Palace of the Legion of Honor parking lot—The "new" make-out and drinking spot for the Western Neighborhoods in 1970, once the police cracked down on the activities taking place at the end of Sunset Boulevard. Richmond District teens resented the influx of Sunseters, since their once-quiet and relatively private spot used for watching the submarine races was quickly becoming too crowded for comfort. Surprisingly, the SFPD never bothered anyone in this location for the remainder of that school year—did they not know or did they just think that this new spot was quieter and safer than what had recently been closed down?
West Sunset Playground—During April of my senior year at St.Ignatius on 37th Avenue, a small group of us realized that while we had supported every school event for years—football and basketball games, tennis matches, swimming and track meets, plays and muscials, band concerts, dances, and debates—we had never been to an S.I. baseball game. Off we trooped to the top row of seats at West Sunset in order to place a mental check mark on yet another high school activity, just six weeks prior to graduation. It was to be one of the last group adventures for many, for once we graduated in early June, many of us went our separate ways, and have not crossed paths again. Yet every time that I drive along near there, I still recall the shared hopes and dreams of a group of 18-year-olds who were perched high up in the stands, laughing and cheering that afternoon, while being buffeted by the strong incoming ocean breezes that were set to take us from 41st & Ortega to places far and wide.

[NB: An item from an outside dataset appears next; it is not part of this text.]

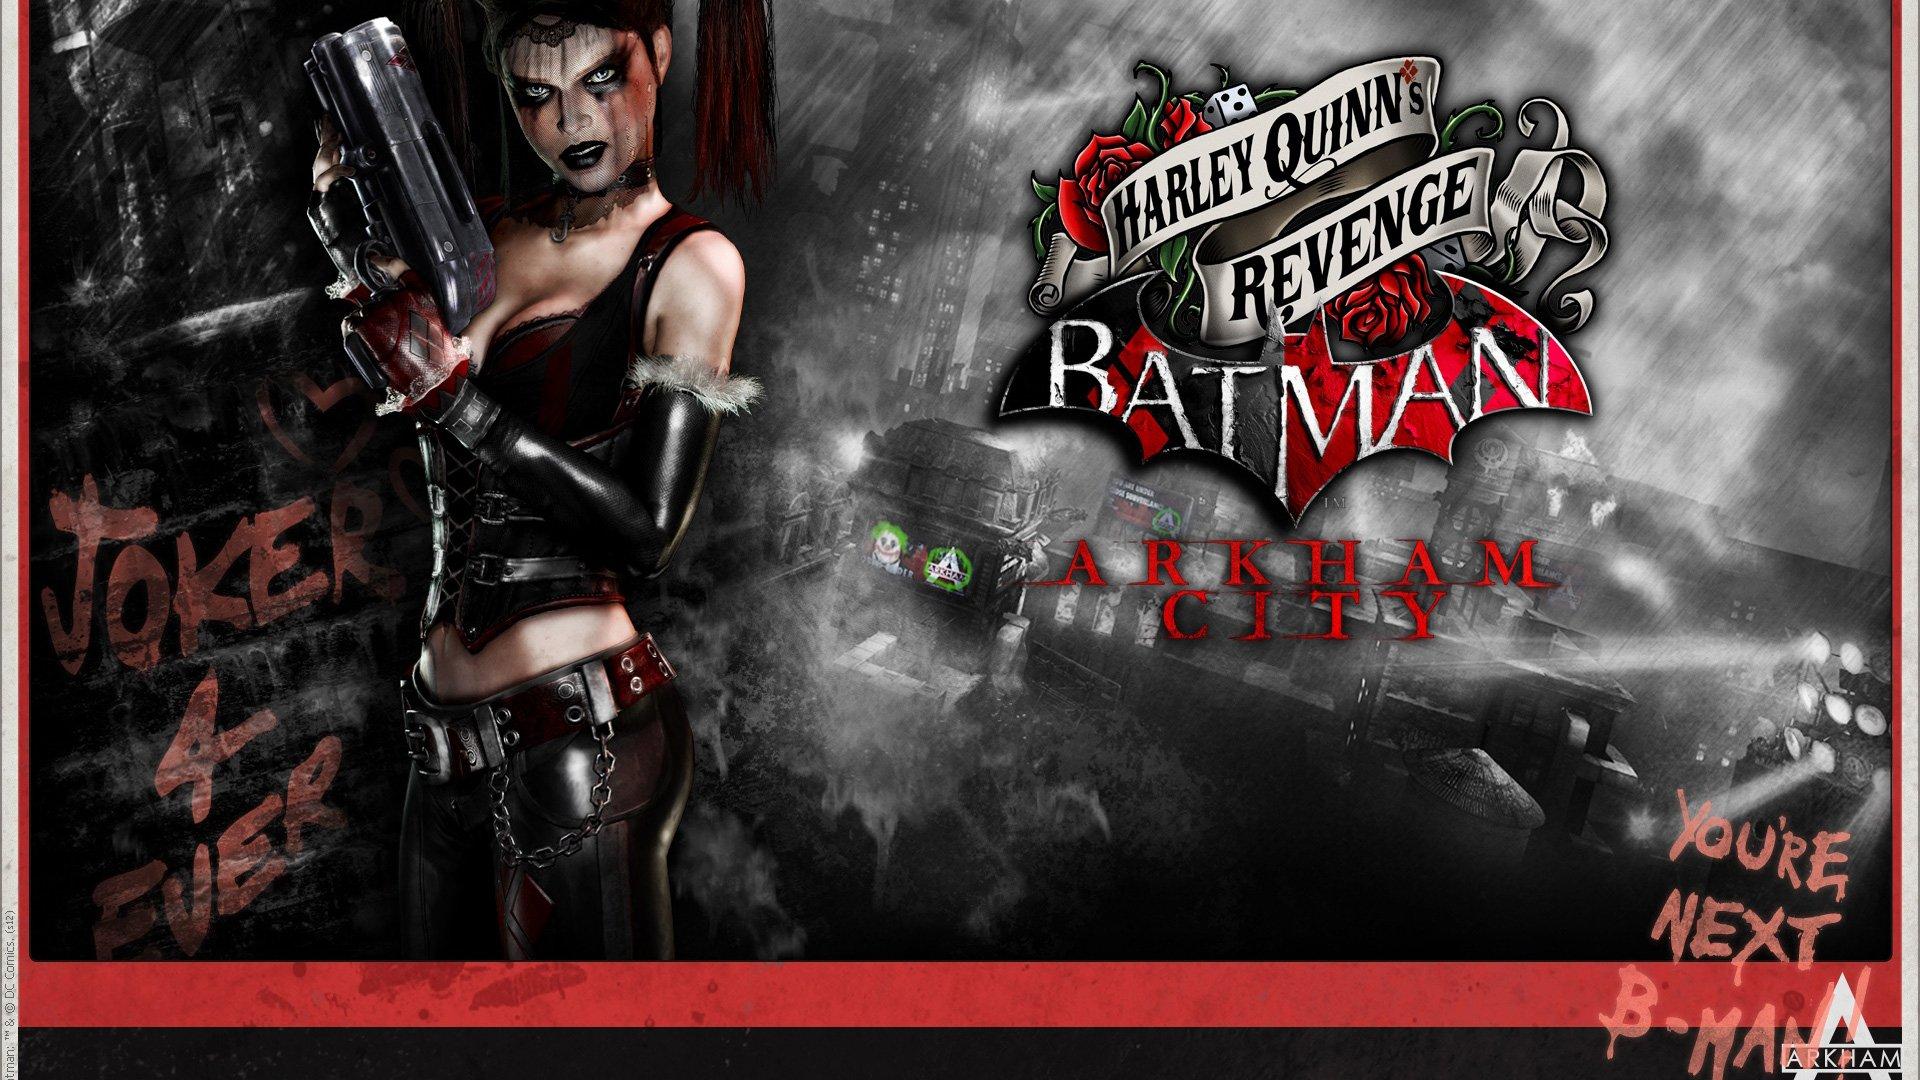 Harley Quinn Batman Arkham Revenge Heroes Wallpaper

Grandma used to smile at her memories of pre-earthquake San Francisco whenever we drove past the Conservatory of Flowers in Golden Gate Park. I'm sure that she still recalled the clop-clop of horses' hooves, the crack of the reins, and the bounce of a carriage on a pleasant day, as she thought of her own childhood experiences in the 1890s. Last Fall, I visited the new Academy of Sciences with a couple of my own childhood friends, and at one point, a family asked us to take a picture of them with their camera. As I focused on the parents and the small boy and girl holding hands, the leafy green beauty of the trees in the Music Concourse and the angular forms of the new deYoung Museum filled the background. As I snapped the shutter, I knew that this scene would one day form someone else's fond recollection of "when we were young in San Francisco," and I was pleased to be a small part of their happy memories of all the wonderful recreational spots that dot the Outside Lands.